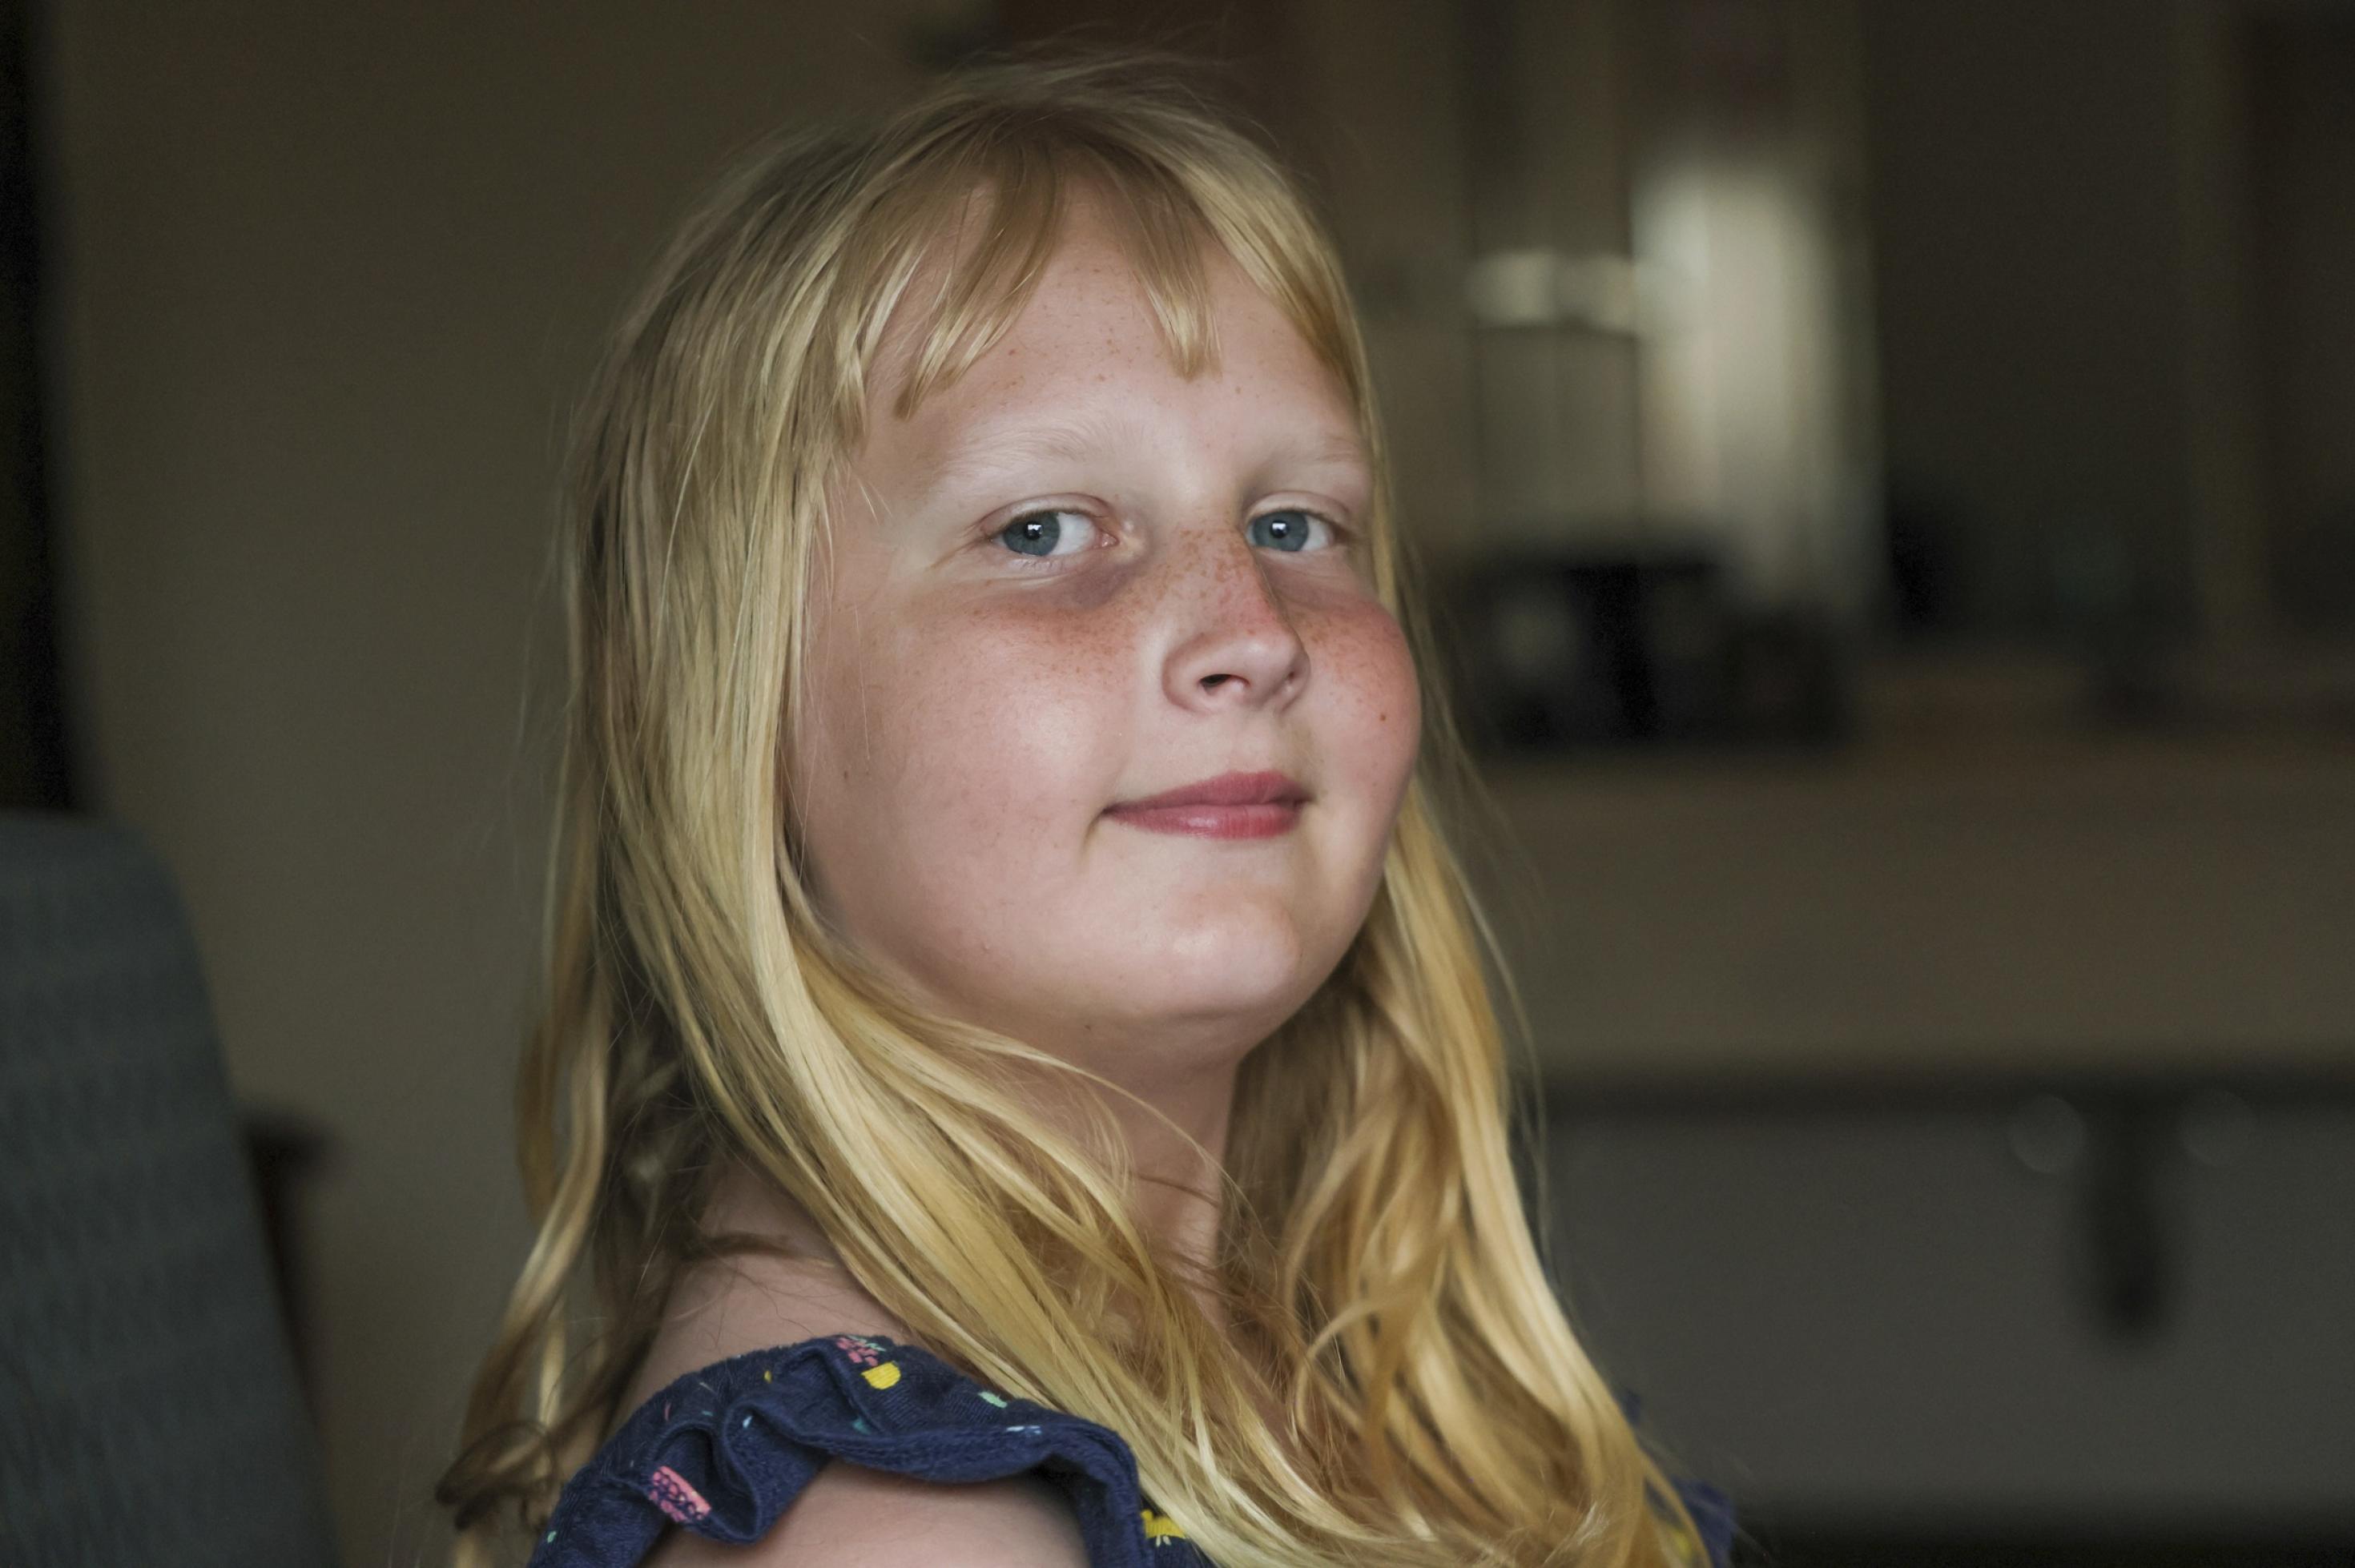 Ein Mädchen mit blauen Augen und langen blonden Haaren blickt selbstbewusst in die Kamera.
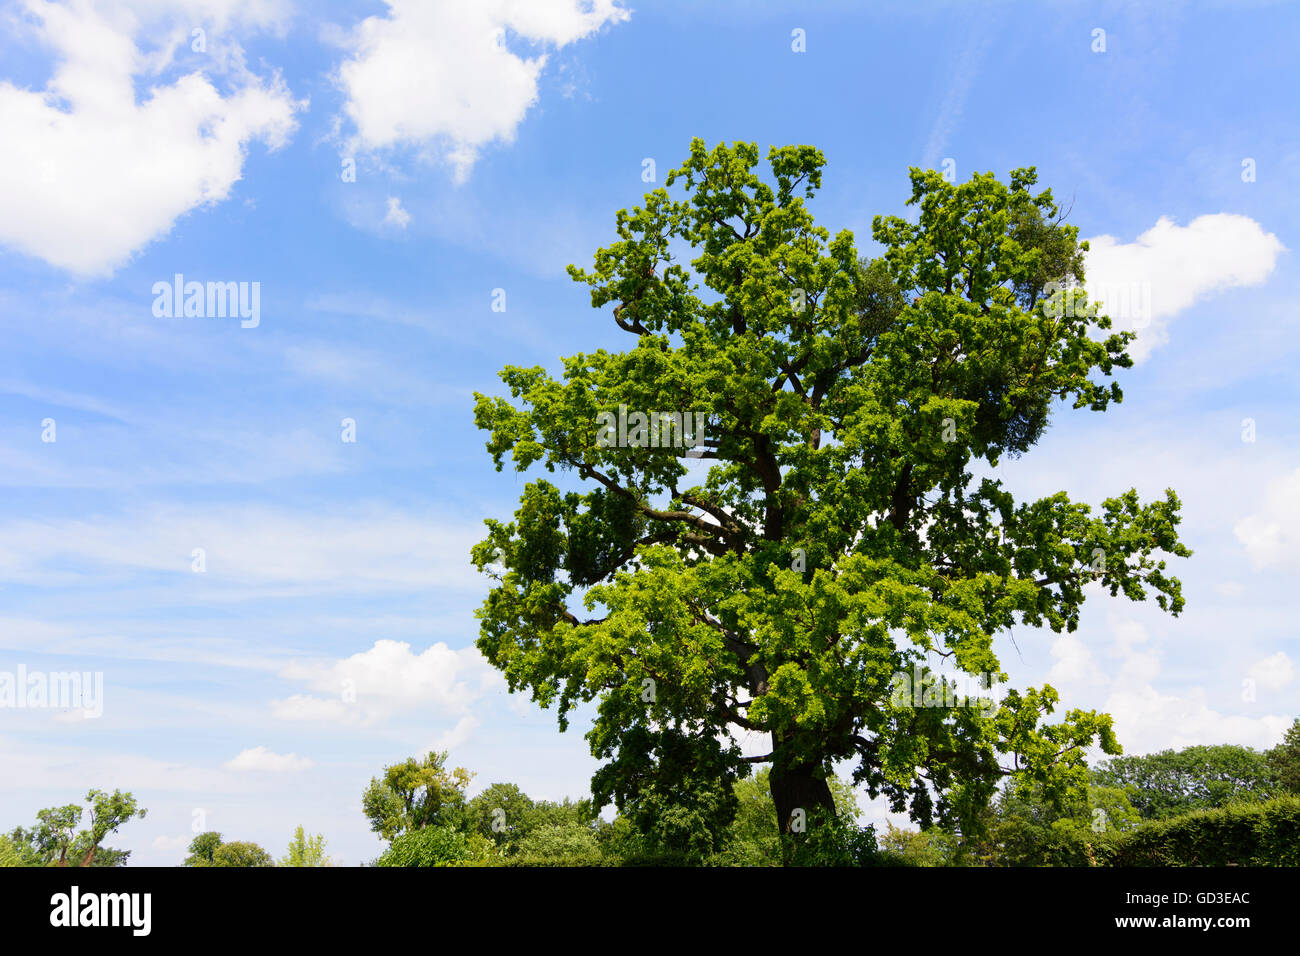 English encino ( Quercus robur ), Austria, Niederösterreich, Baja Austria Foto de stock
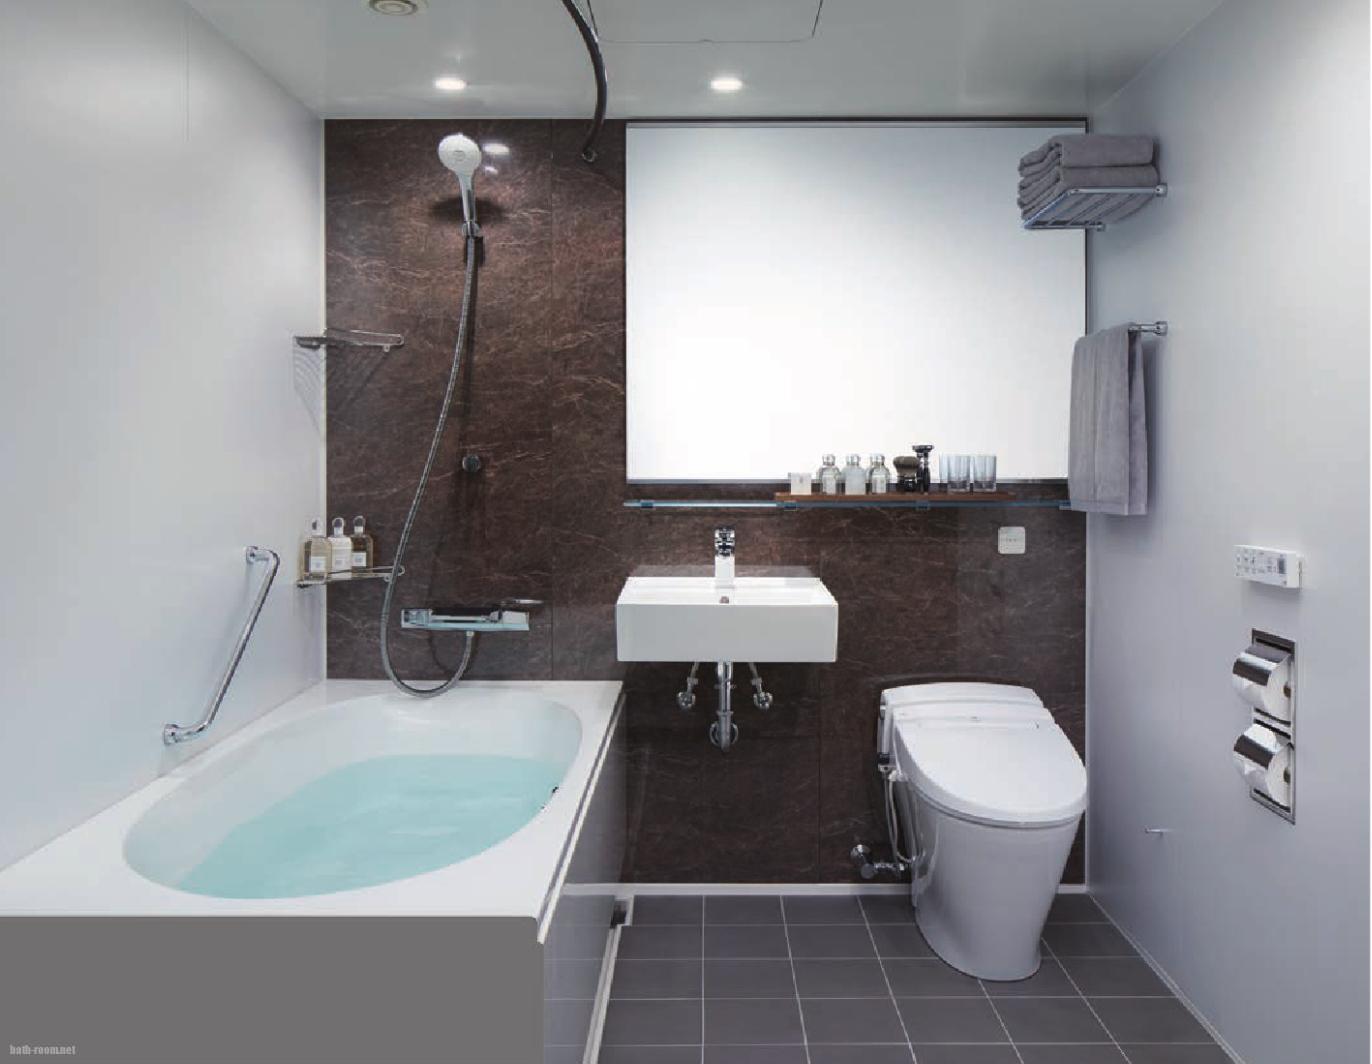 ホテルライクな3点式ユニットバス 工事パック 浴室リフォームpro

☆ ☆ ☆ ☆

**What the task requires**
An exact transcription of the data above is needed, without the pictures.

**Solved problem**
 Ein Mädchen mit blauen Augen und langen blonden Haaren blickt selbstbewusst in die Kamera.
 English encino ( Quercus robur ), Austria, Niederösterreich, Baja Austria Foto de stock
 ホテルライクな3点式ユニットバス 工事パック 浴室リフォームpro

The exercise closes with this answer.